INFORMATION PROVIDED:
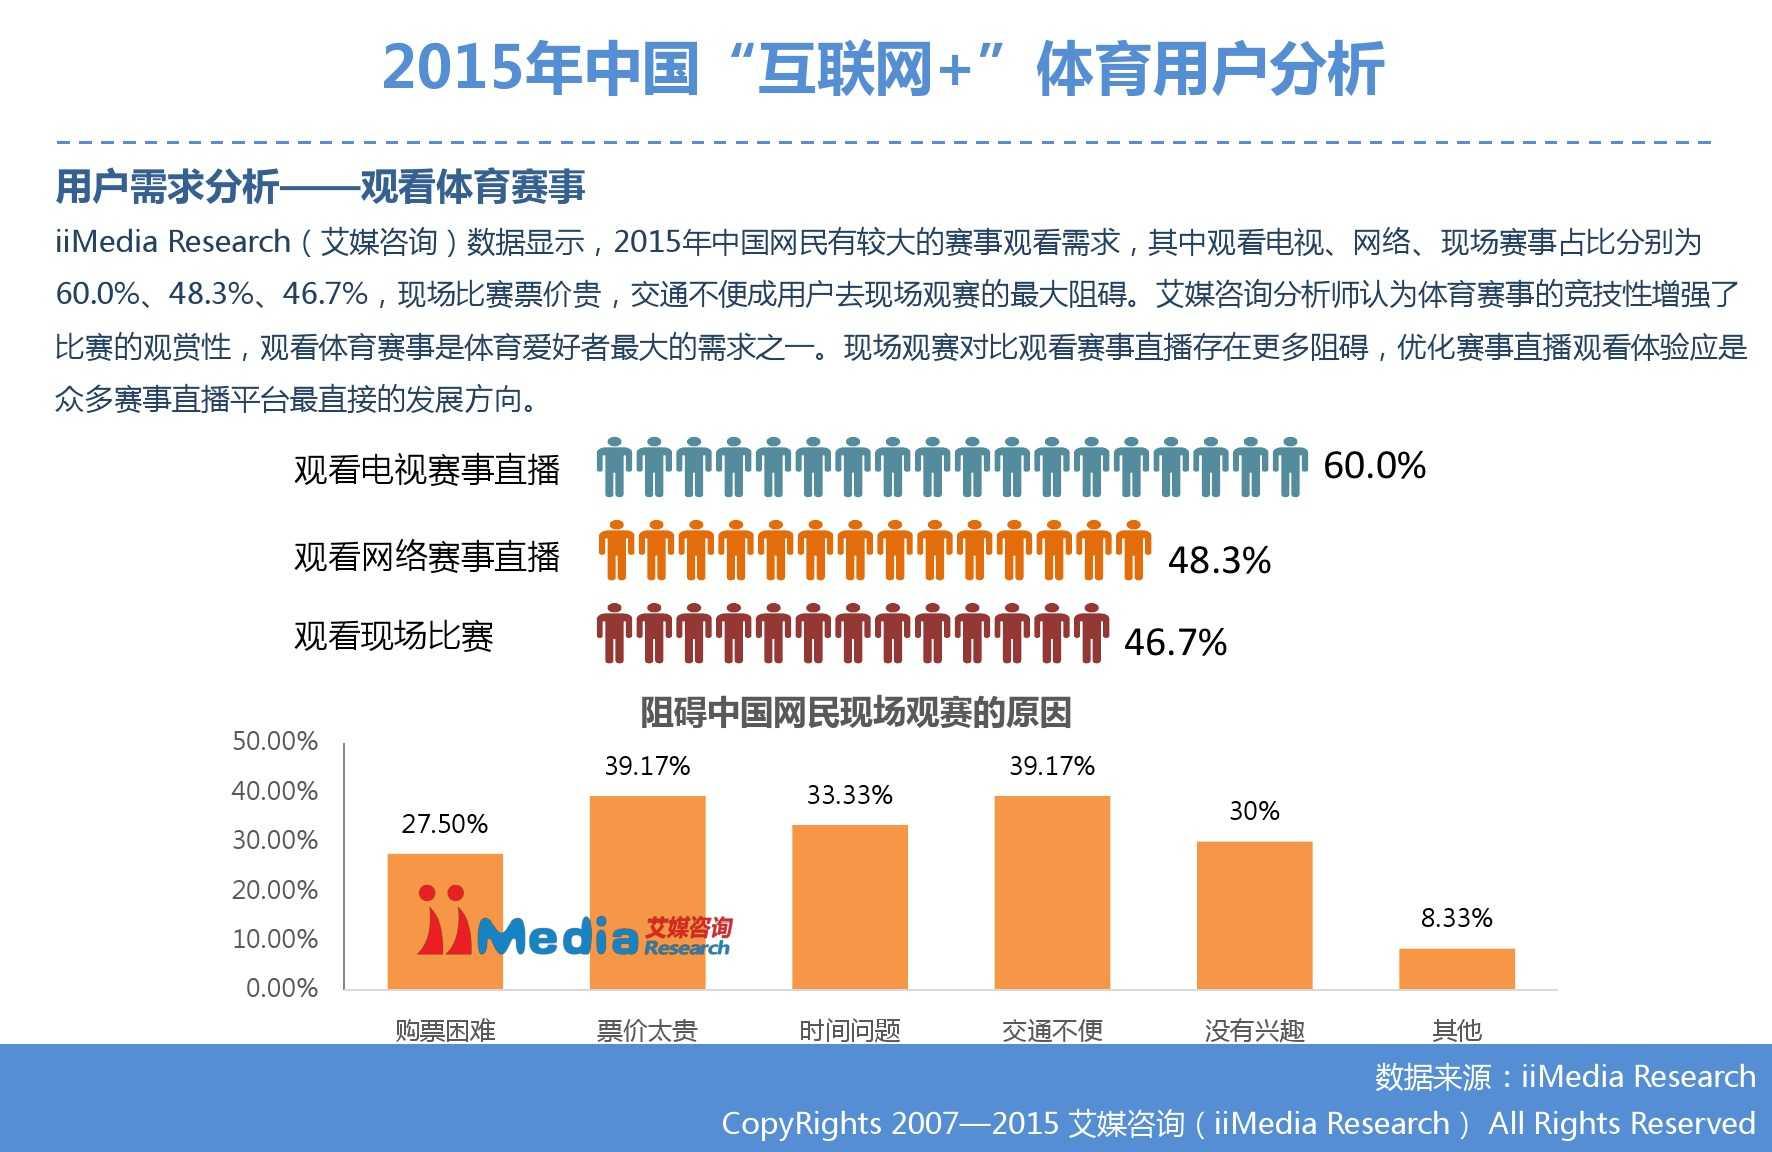 """艾媒咨询:2015年中国""""互联网+""""体育研究_000027"""
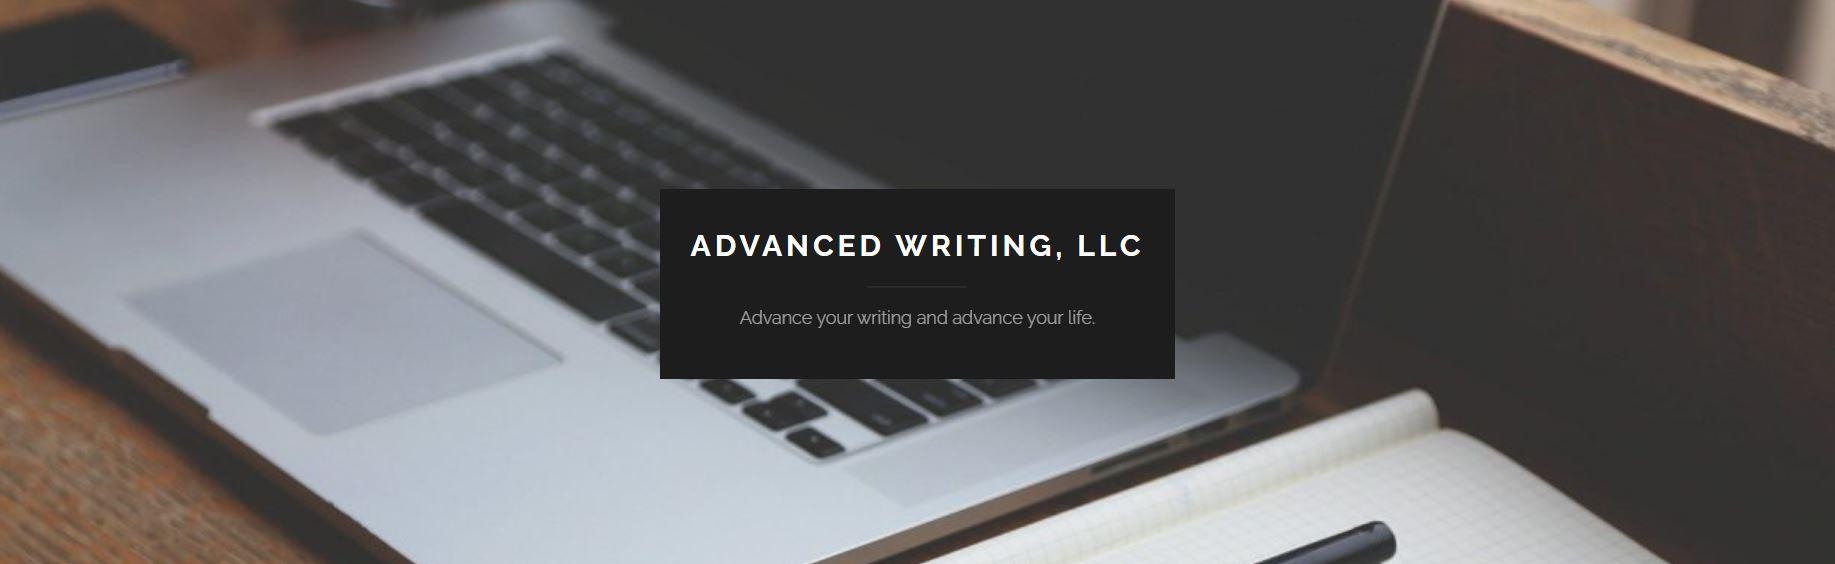 advancedwritingllc2
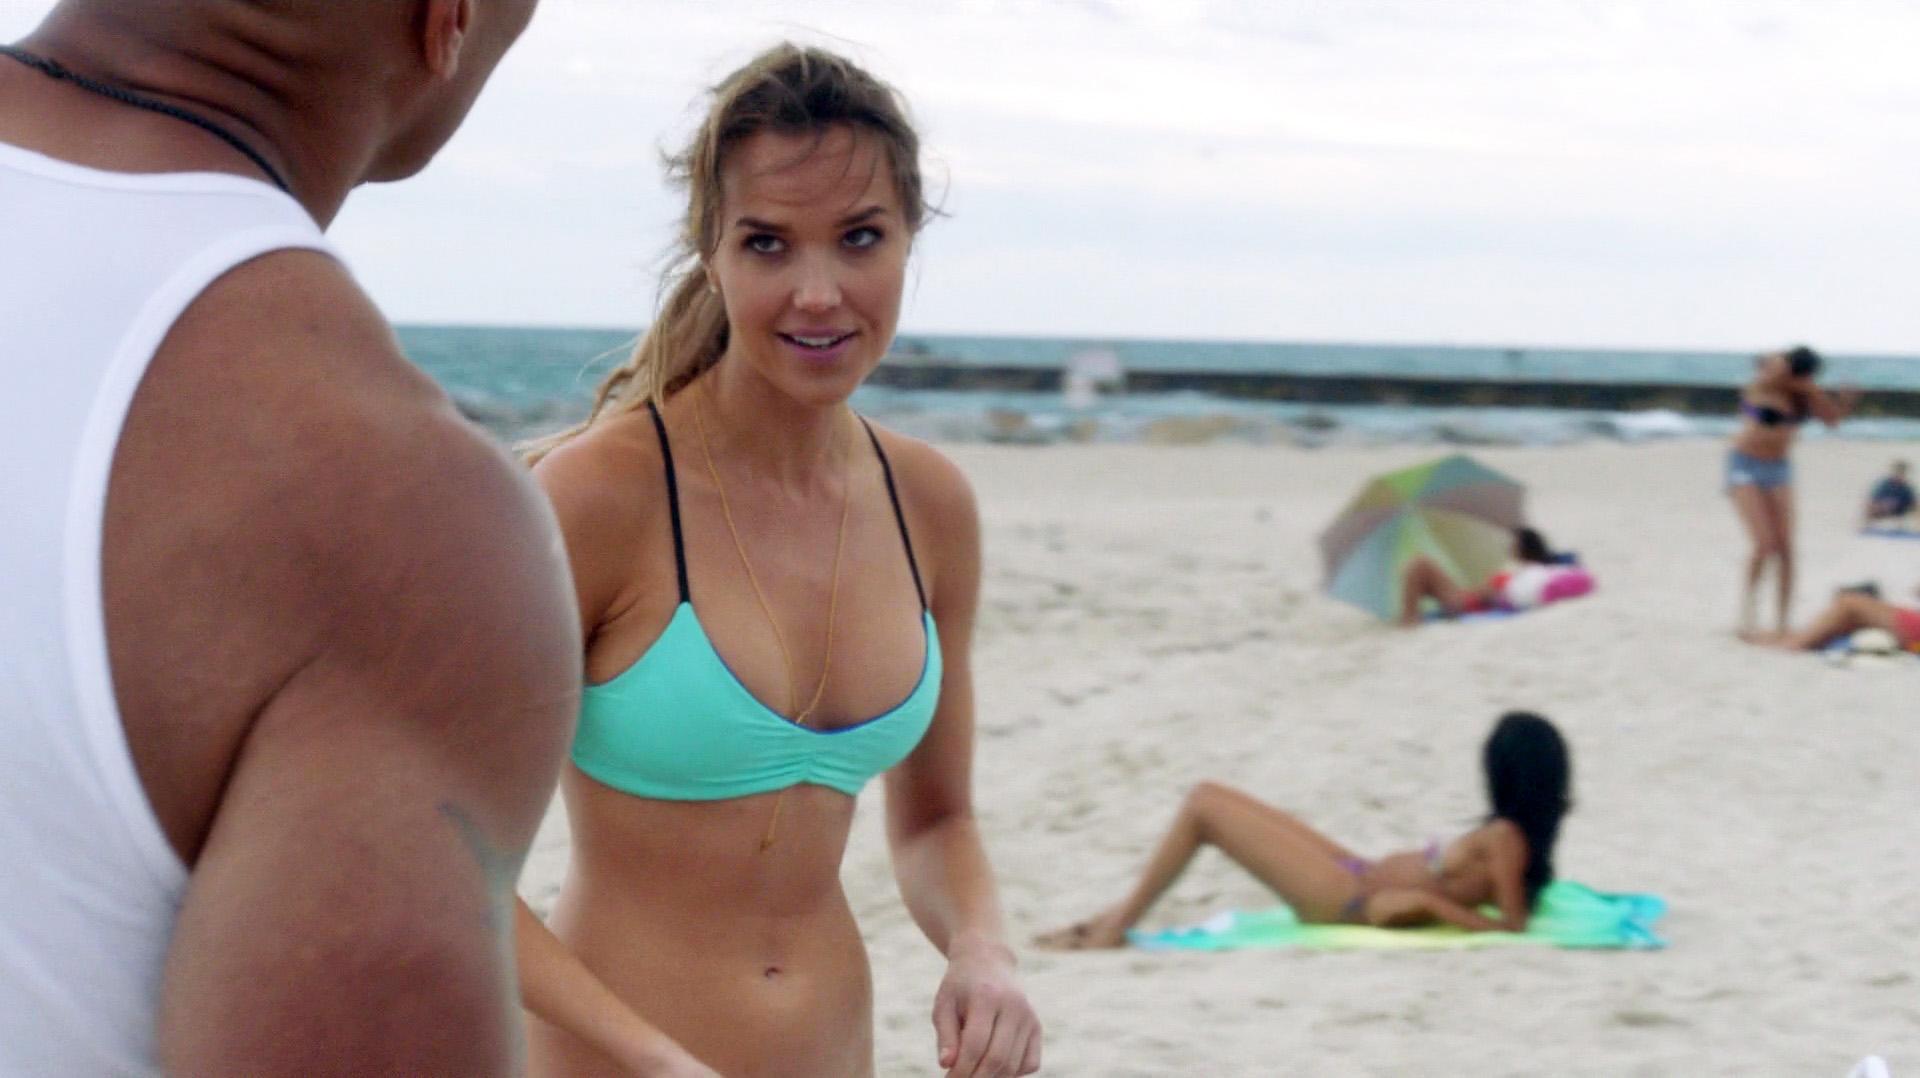 Joy Corrigan Naked watch online - arielle kebbel, joy corrigan, staci lyon
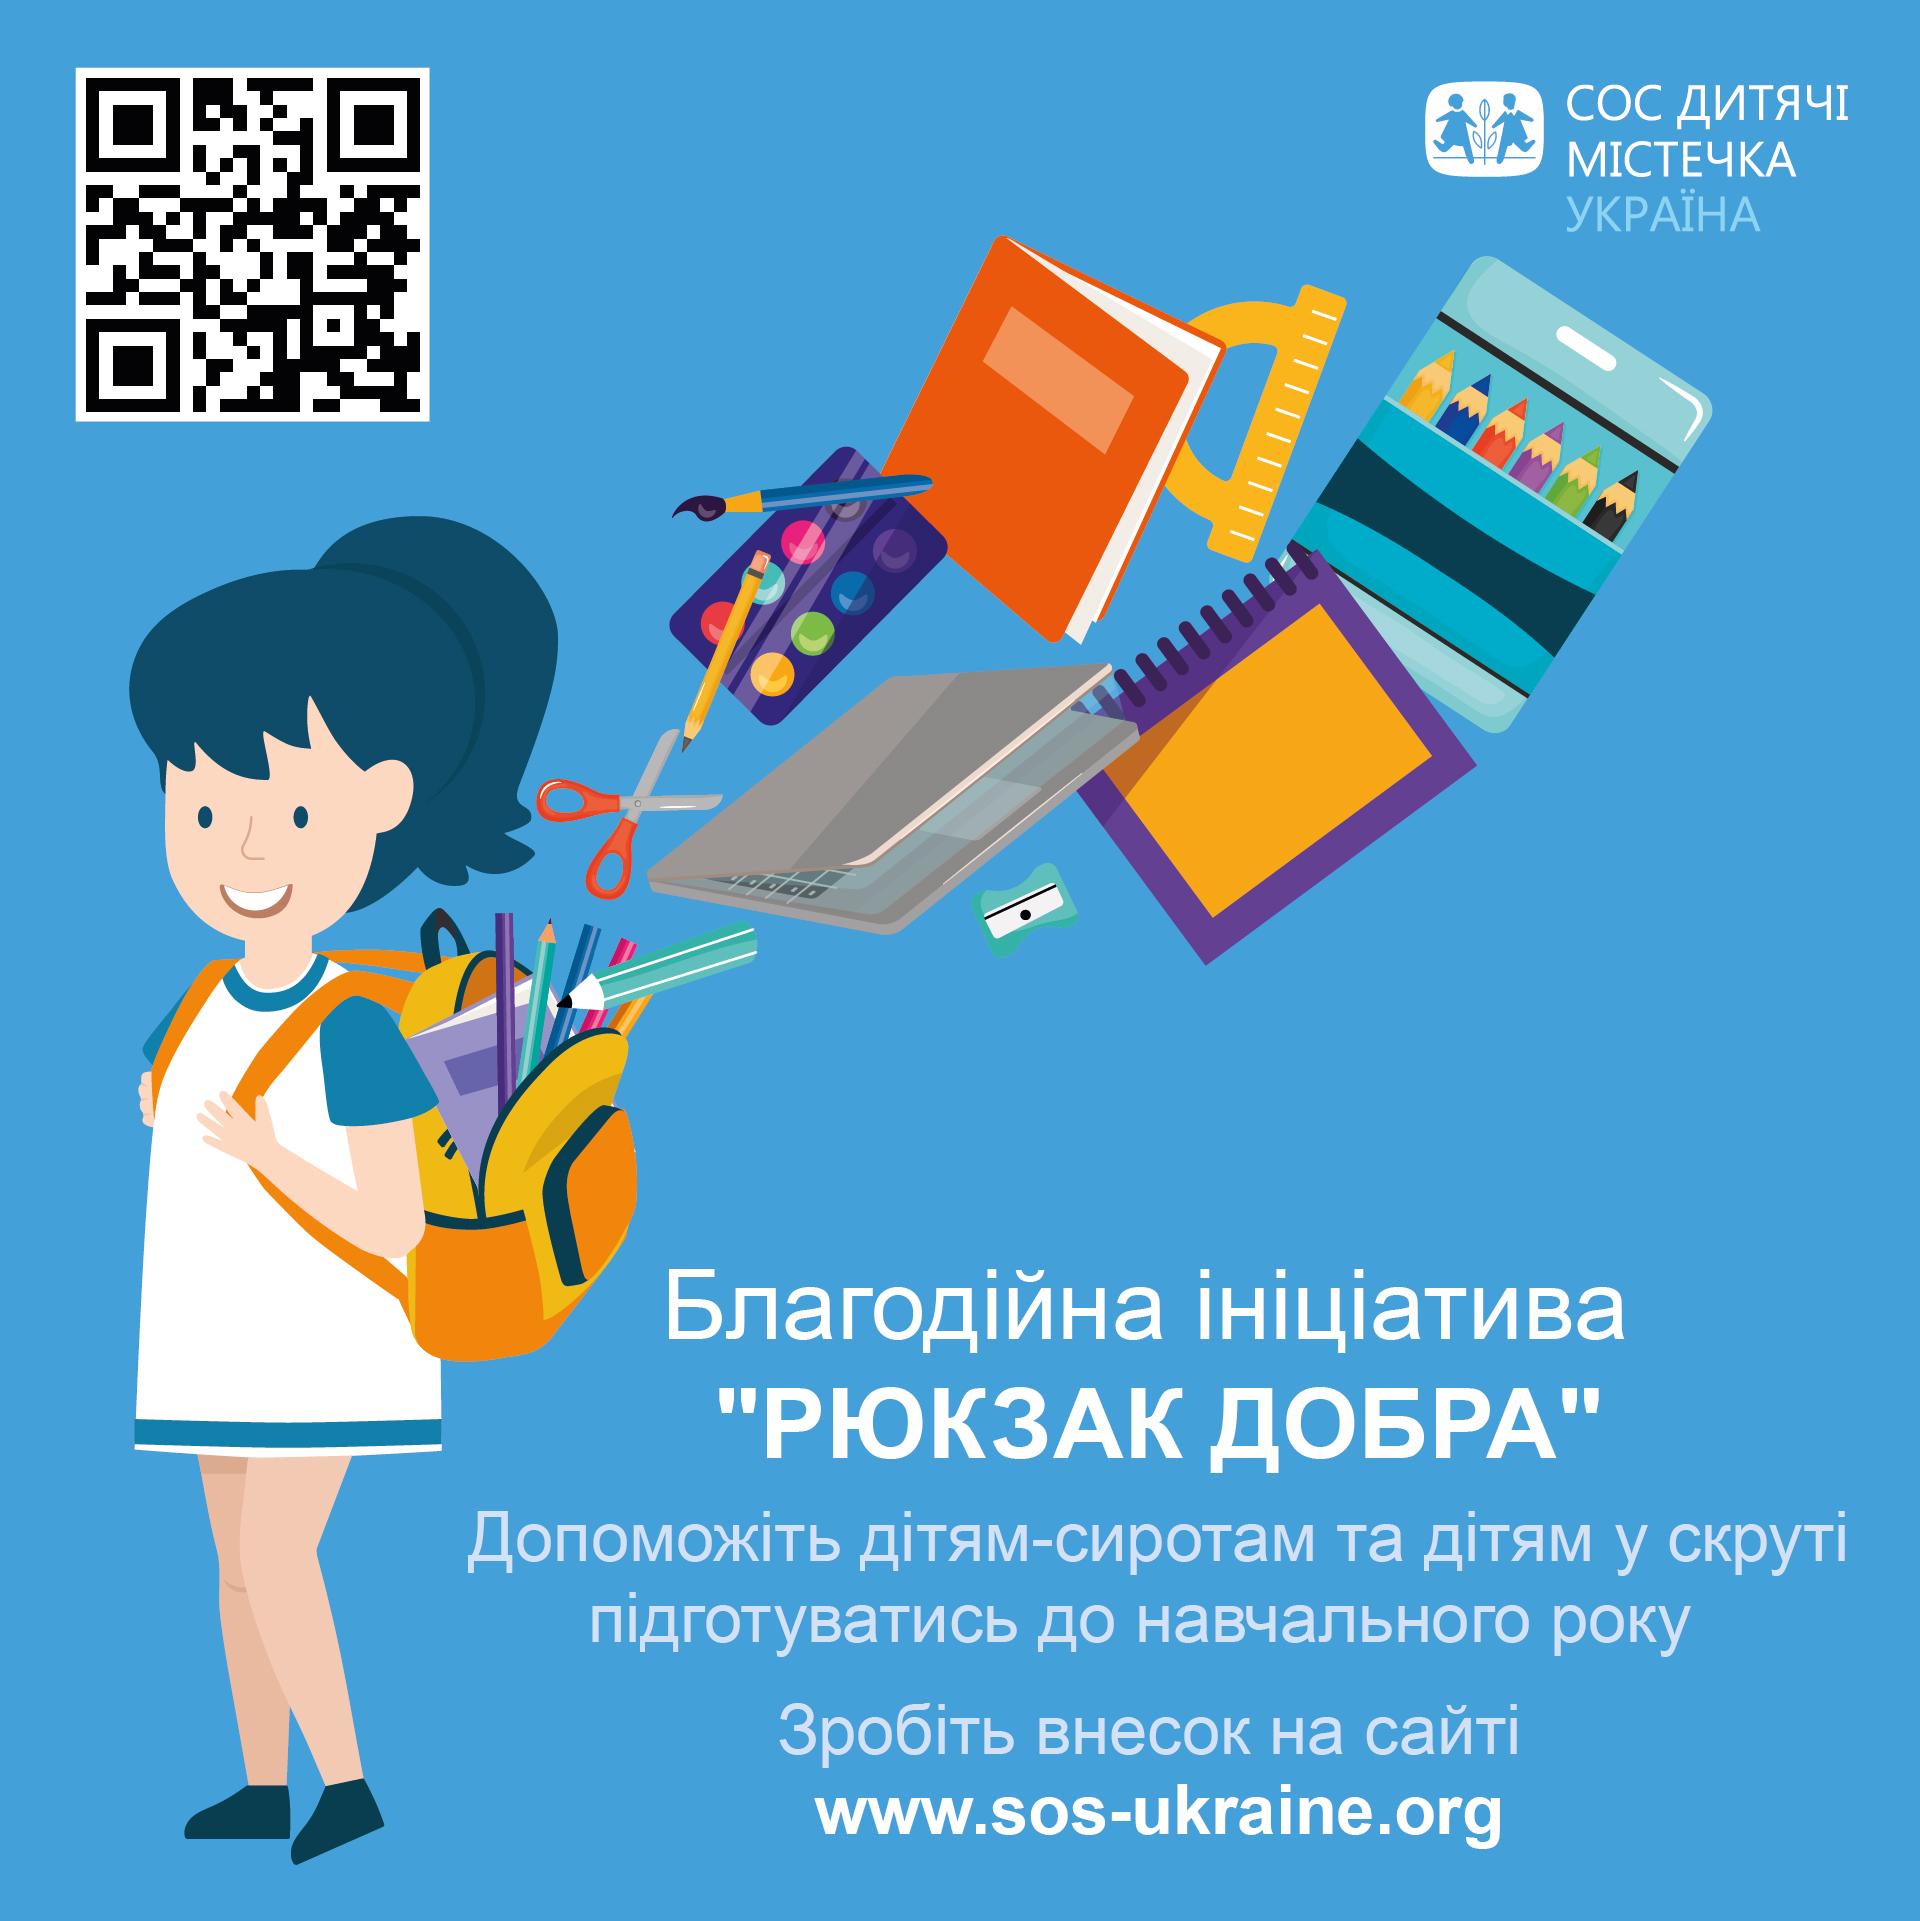 """Благодійна ініціатива """"Рюкзак добра"""" – допоможіть дітям-сиротам та дітям у скруті підготуватись до школи"""

EXERCISE DETAILS: Reproduce the listing word for word, but keep the pictures out of it.

RESULT OF THIS TASK:
 """艾媒咨询:2015年中国""""互联网+""""体育研究_000027"""
 advancedwritingllc2
 Joy Corrigan Naked watch online - arielle kebbel, joy corrigan, staci lyon
 """Благодійна ініціатива """"Рюкзак добра"""" – допоможіть дітям-сиротам та дітям у скруті підготуватись до школи"""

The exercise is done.